Stage 5: Asset Profiling
Purpose: Fuse signals from discovery, ports, and fingerprints into a comprehensive asset profile.
Profile Components:
-
Device Classification:
- Server, workstation, network device, IoT, mobile
- Based on open ports, services, OS detection
-
Operating System:
- OS family (Linux, Windows, BSD, macOS)
- Distribution (Ubuntu, CentOS, Windows Server 2019)
- Version and kernel
-
Application Stack:
- Web server (nginx, Apache, IIS)
- Application server (Tomcat, Node.js, Gunicorn)

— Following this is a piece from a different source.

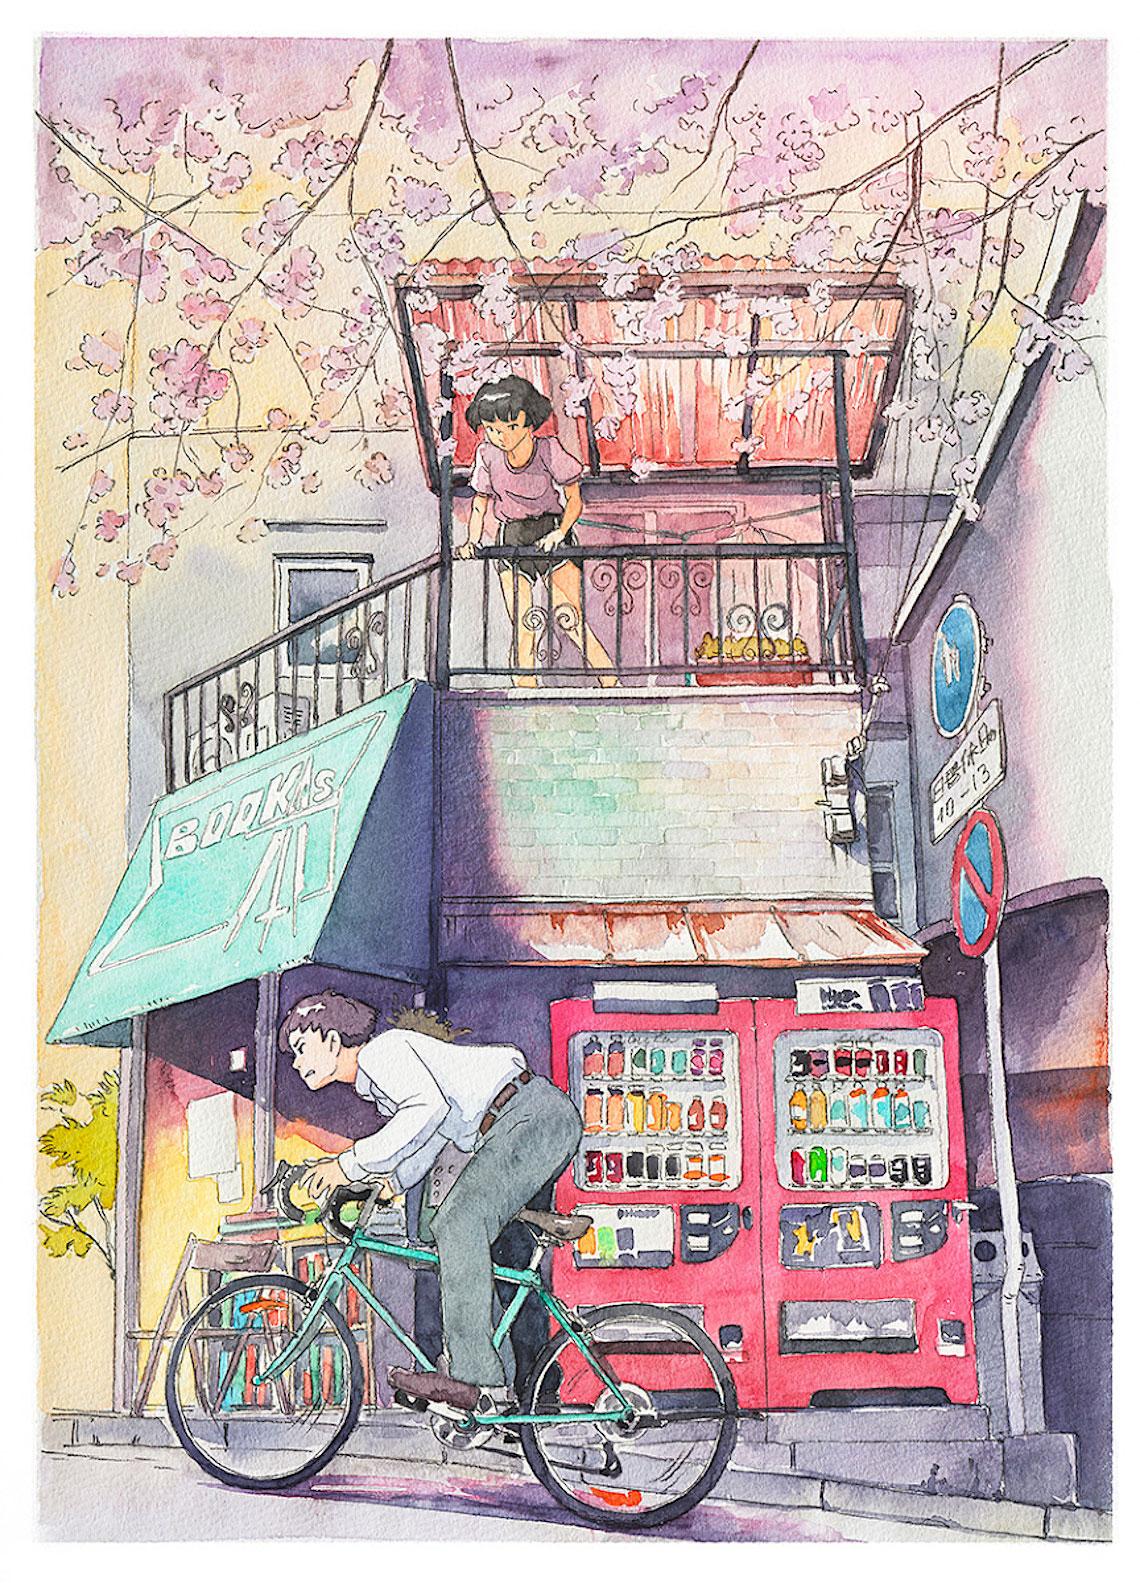 Mateusz Urbanowicz BicycleBoy illustration series_urbancycling_3
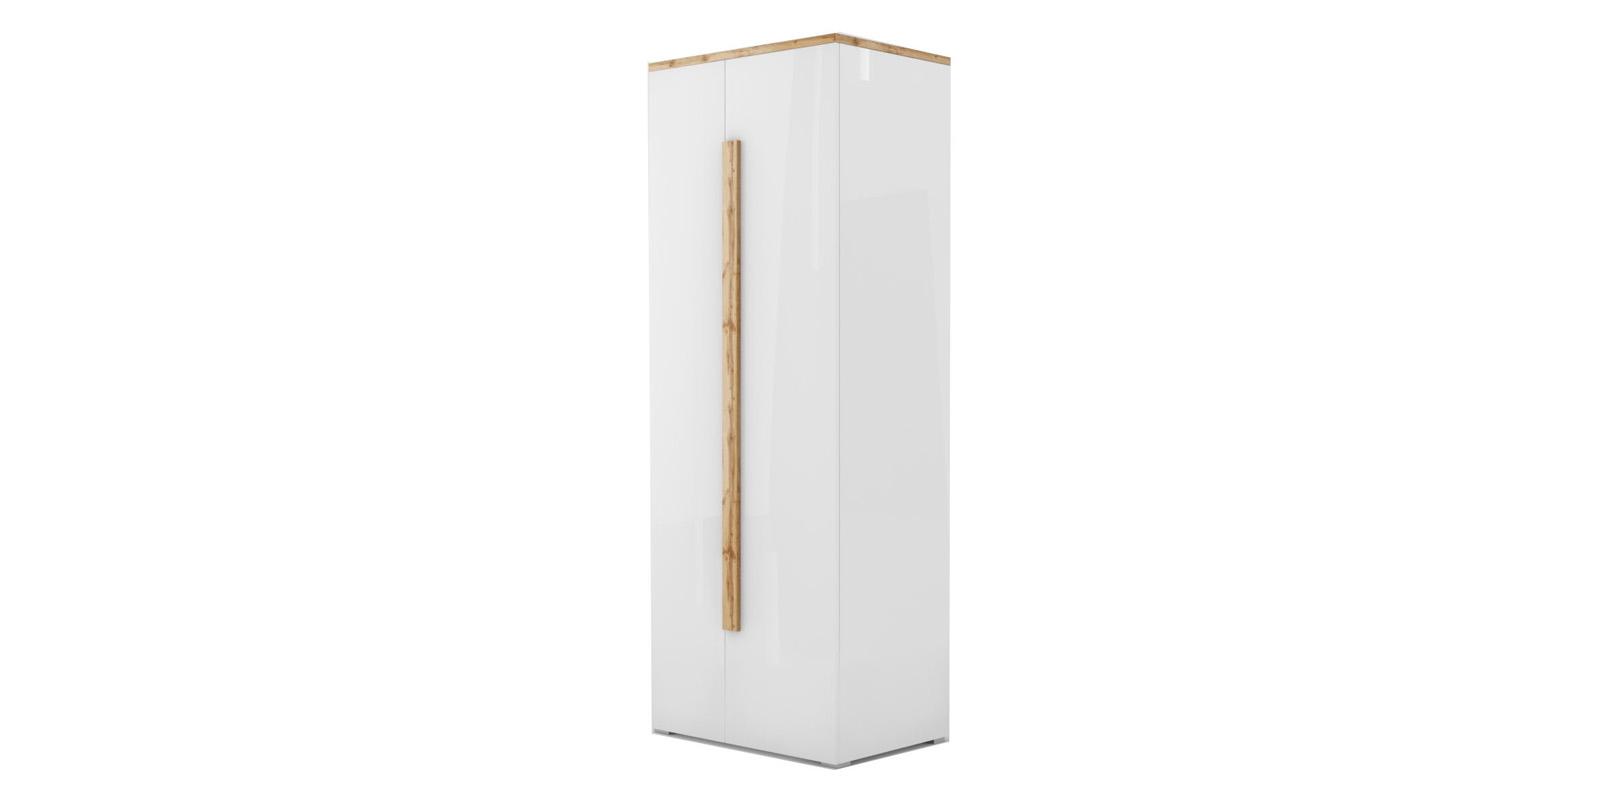 Шкаф распашной двухдверный Сахара вариант №1 (дуб ватан/белый лак) 1903.М1 HomeMe

- Frameworks (Django, Rails, ASP.NET)
- Databases (MySQL, PostgreSQL, MongoDB)
-
Network Function:
- Web server, mail server, DNS server, database server
- Multi-function hosts (e.g., web + database)
Profile Confidence:
- High confidence: Multiple corroborating signals
- Medium confidence: Single strong signal
- Low confidence: Weak heuristics only
Output: Asset inventory records suitable for CMDB integration.
Example profile:
{
"host": "192.168.1.100",
"device_type": "server",
"os": {
"family": "linux",
"distribution": "ubuntu",
"version": "20.04",
"confidence": 90
},
"applications": [
{"name": "nginx", "version": "1.18.0", "role": "web_server"},
{"name": "php", "version": "7.4", "role": "runtime"},
{"name": "mysql", "version": "8.0", "role": "database"}
],
"functions": ["web_server", "database_server"]
}
Stage 6: Vulnerability Evaluation
Purpose: Identify known vulnerabilities (CVEs) and common misconfigurations.
Detection Methods:
CVE Matching
- Match service versions against CVE database
- Consider version ranges and patch levels
- Filter by exploitability and severity (CVSS score)
Misconfiguration Checks
- Default credentials (admin/admin, root/toor)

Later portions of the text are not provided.